Na sua avaliação, o “link” entre o governo e o Congresso, atualmente, não se chama Centrão, mas, sim, orçamento secreto. “Só tem um link agora com o Parlamento, que é esse orçamento. Isso não resiste a nenhuma avaliação de constitucionalidade”, disse o relator da CPI. A prática do orçamento secreto, que esconde acordos feitos para divisão das emendas de relator, sob o carimbo de RP9, foi revelada pelo Estadão.
Para Renan, nem com a distribuição de recursos o governo tem situação confortável na Câmara. “O Arthur não despacha o impeachment porque teme perder na própria Câmara”, afirmou o senador, numa referência ao presidente da Casa, Arthur Lira (Progressistas-AL), de quem é adversário.
A seguir, os principais trechos da entrevista:
Ter o senador Ciro Nogueira como ministro da Casa Civil ajuda o governo Bolsonaro a driblar a CPI da Covid?

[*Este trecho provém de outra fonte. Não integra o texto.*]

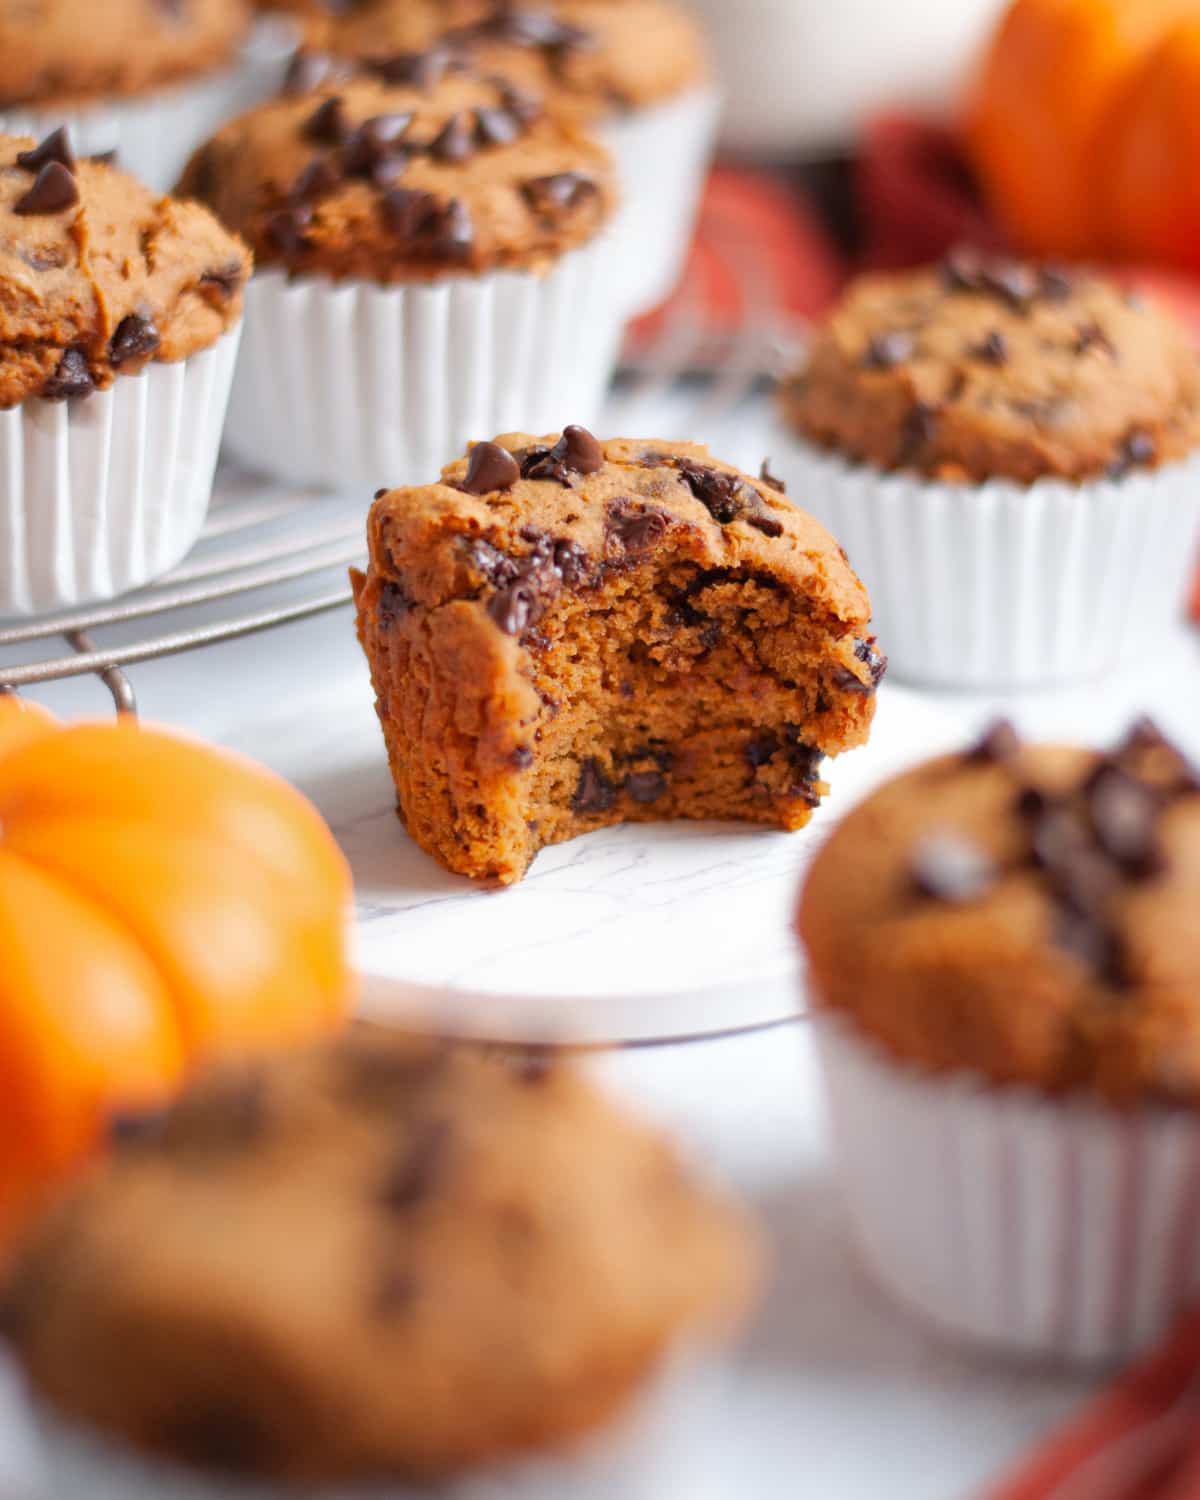 a pumpkin chocolate chip muffin with a bite out of it sitting on a white coaster. The muffin is surrounded by additional 3 ingredient pumpkin muffins, mini pumpkins, and an orange linen.

Ciro é um político talentoso e habilidoso, mas terá muita dificuldade. Nem Ciro consegue recomeçar um governo que apodreceu pela corrupção, incompetência, falta de projeto para o País. Eu não vejo alteração, não vejo como recomeçar um governo que apodreceu. Não é tarefa fácil, sobretudo se o Supremo Tribunal Federal desfizer o único link que existe do Executivo para o Legislativo, que é o orçamento secreto. Isso não pode continuar, isso é uma involução. Tiraram todas as regras de transparência, de coletividade e controle social do orçamento. Virou uma peça de alguns.
O orçamento secreto tem segurado o governo?
Não tem segurado. O governo é minoritário no Senado. O Arthur (Lira, presidente da Câmara) não despacha o impeachment porque teme perder na própria Câmara. Por que você acha que ele não despacha o impeachment? Ele poderia recusar os pedidos. Mas, nesse caso, cabe recurso ao plenário e eles (aliados) temem não ter mais maioria. Só tem um link absurdo agora com o Parlamento, que é esse orçamento. Isso não resiste a nenhuma avaliação de constitucionalidade.
O relatório da CPI será apresentado antes do prazo final da comissão?
Não pretendemos gastar esses 90 dias. Talvez tenhamos que antecipar (o fim da CPI), mas o relatório é no final dos trabalhos. Todas as linhas foram comprovadas, essa da vacina indiana Covaxin também foi (resultando no rompimento do laboratório Bharat Biotech com a Precisa Medicamentos). Tudo foi irregular: da mensagem do presidente, em 8 de janeiro, ao primeiro-ministro indiano – no momento em que o governo recusava a Pfizer – até o cancelamento do contrato (com a vacina Covaxin).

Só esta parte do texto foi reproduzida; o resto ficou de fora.